Given material –

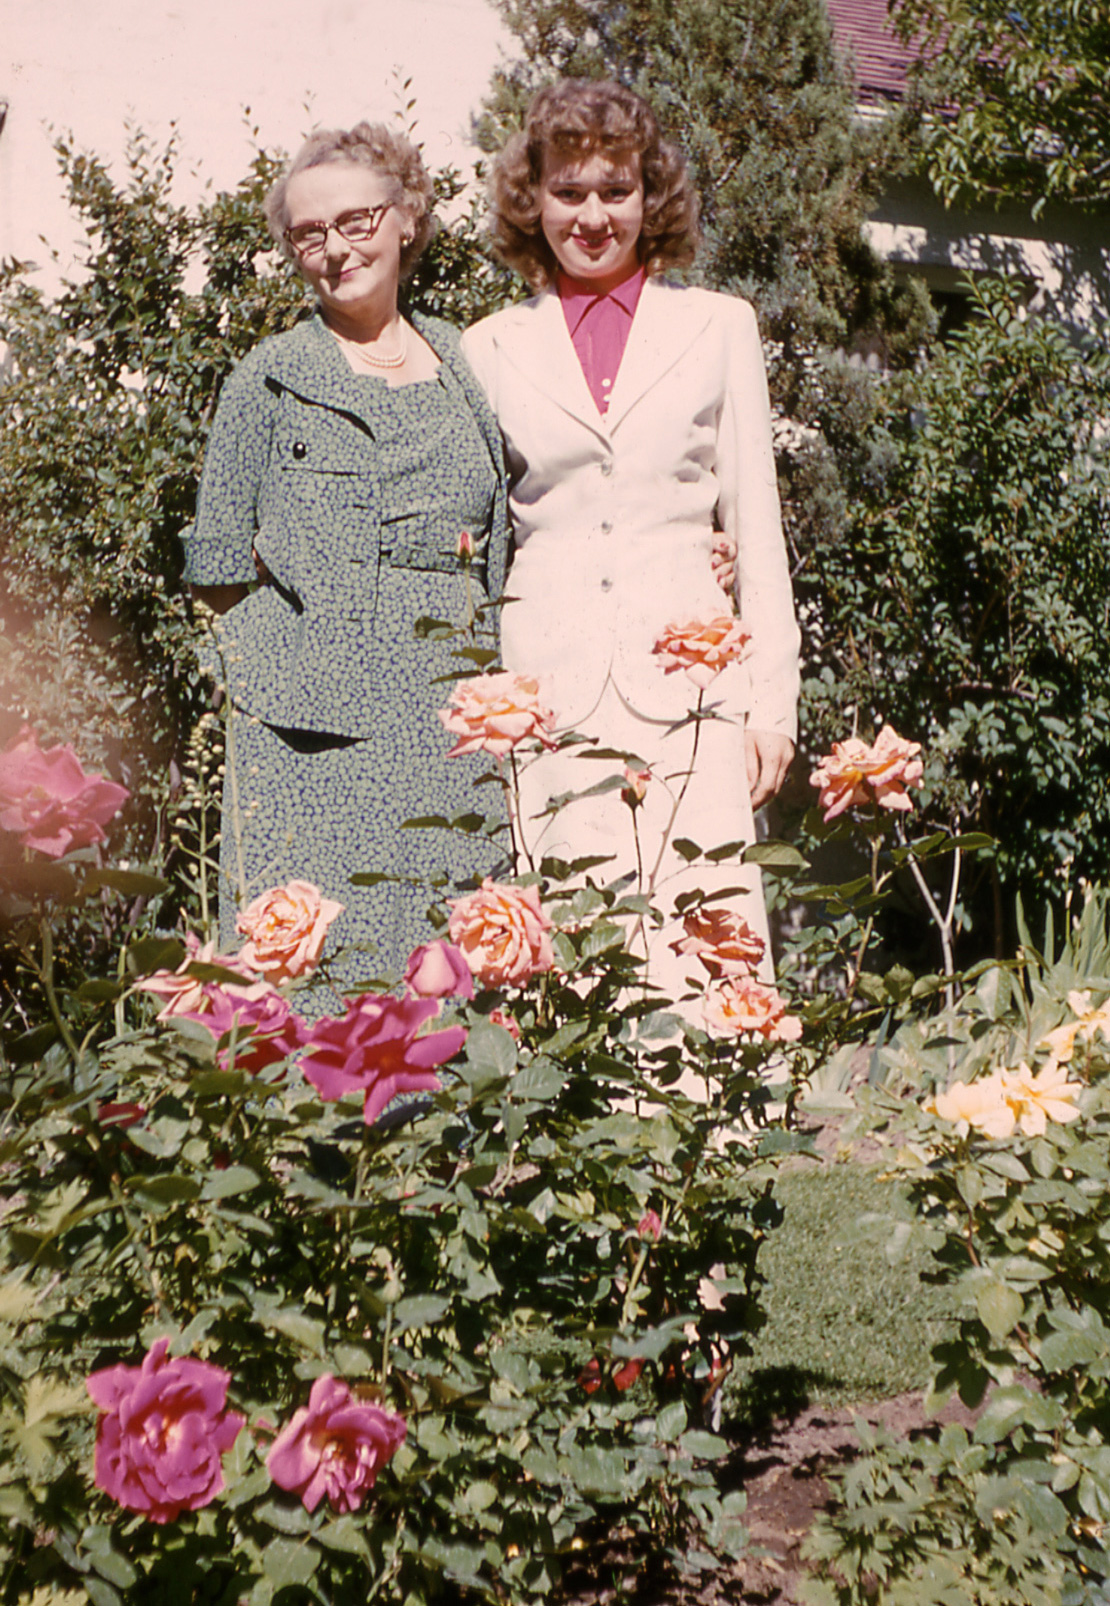 Mim & Peggy in the rose garden
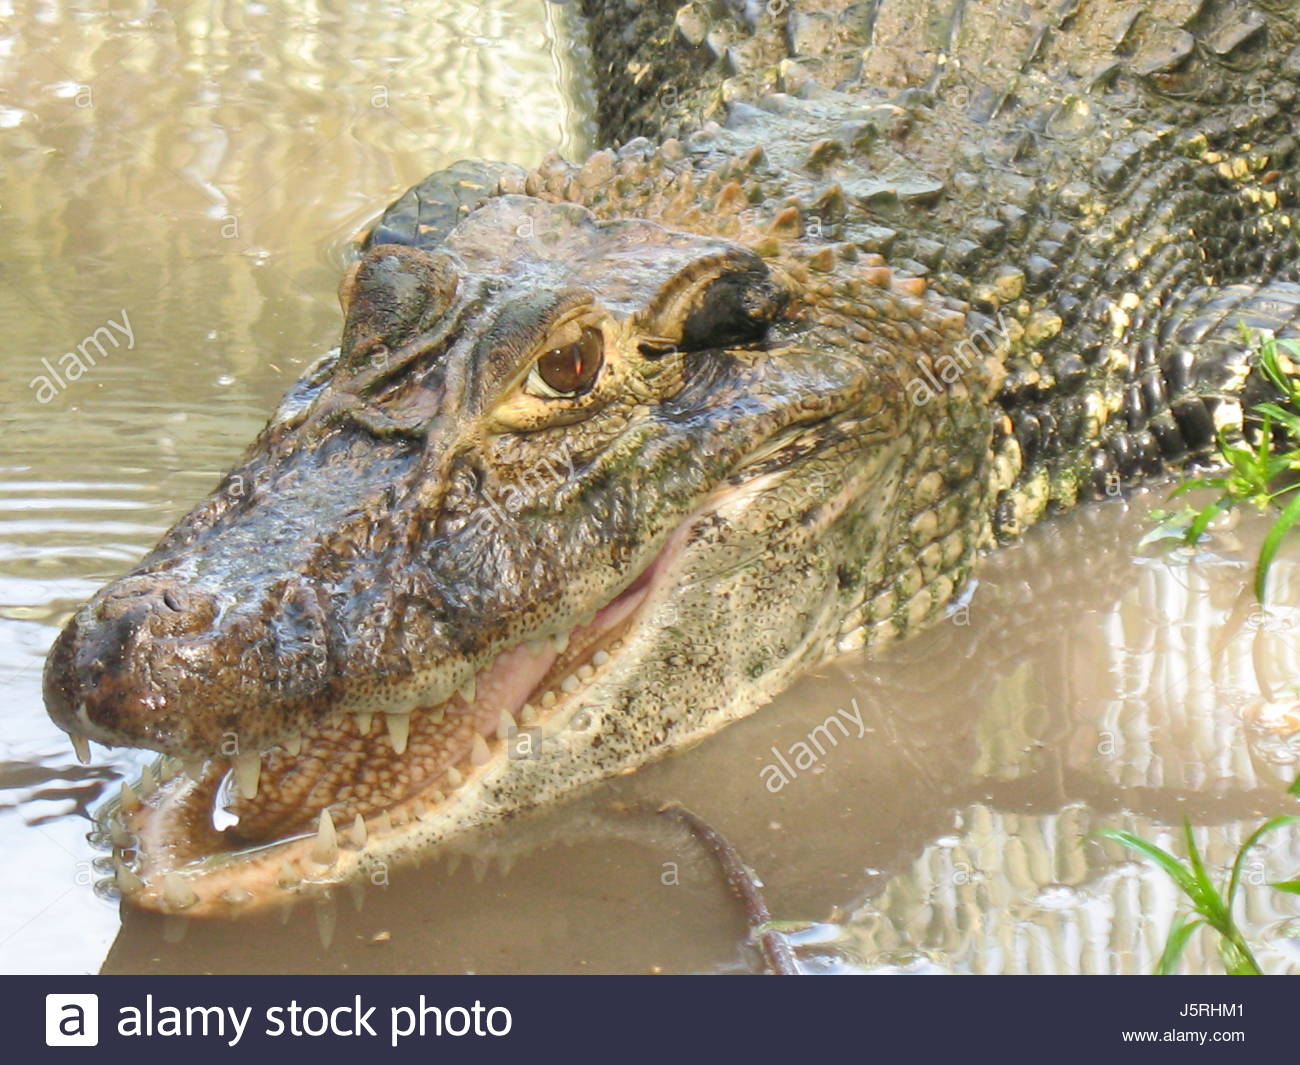 fauna teeth animals crocodile brazil south america amazon ...
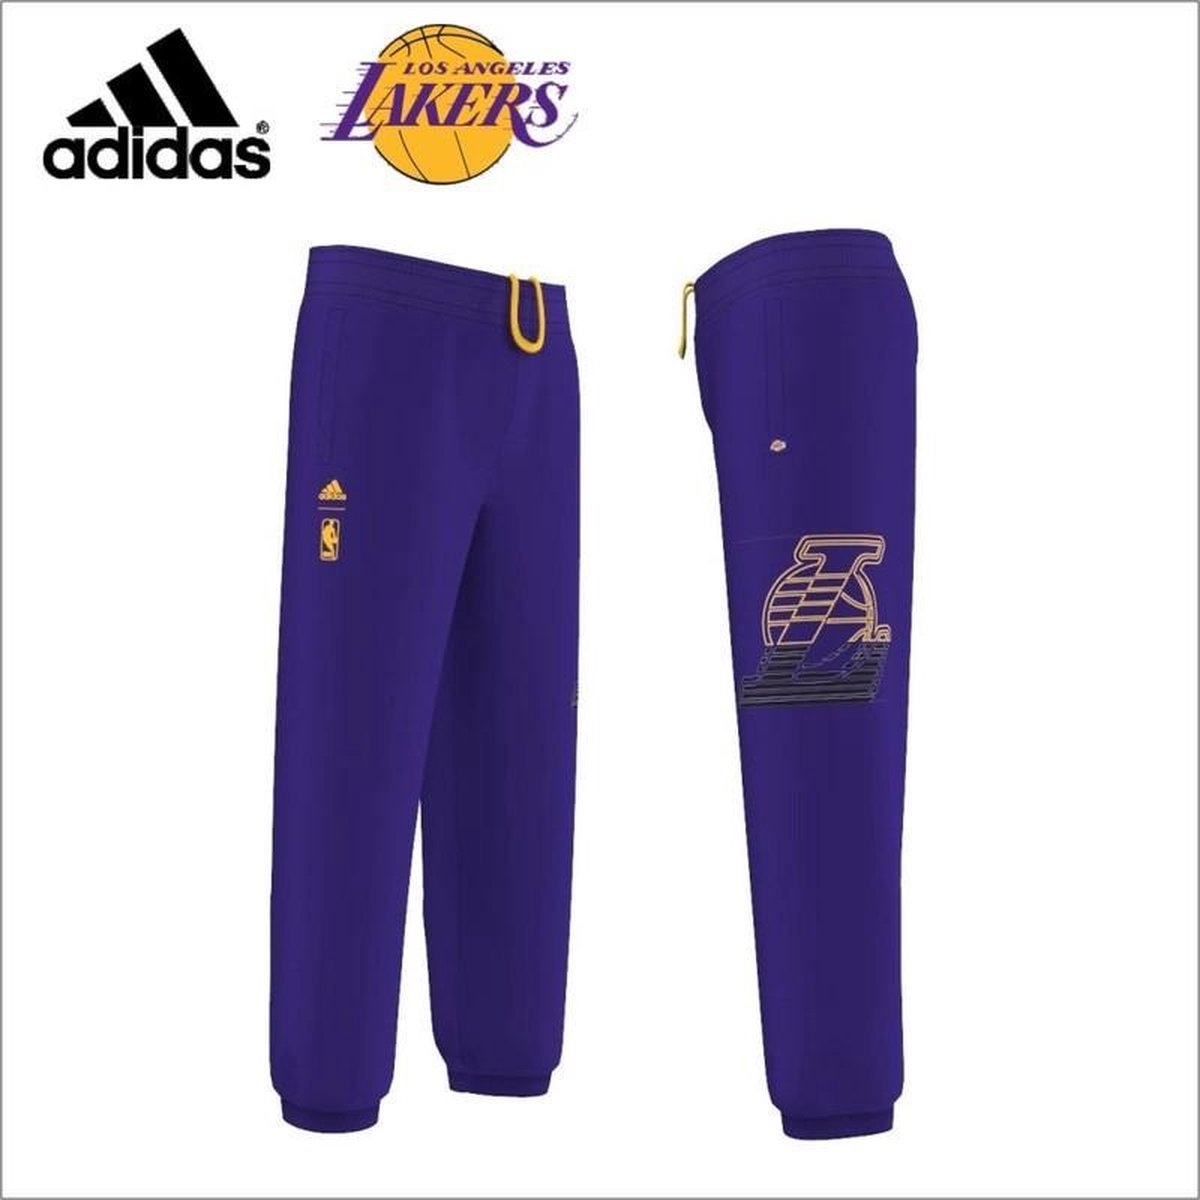 bol.com | Adidag NBA Jogging Broek LA Lakers paars maat XL

Task details – Would you set down the listing exactly, omitting pictures?

Result of the task –
 Mim & Peggy in the rose garden
 fauna teeth animals crocodile brazil south america amazon ...
 bol.com | Adidag NBA Jogging Broek LA Lakers paars maat XL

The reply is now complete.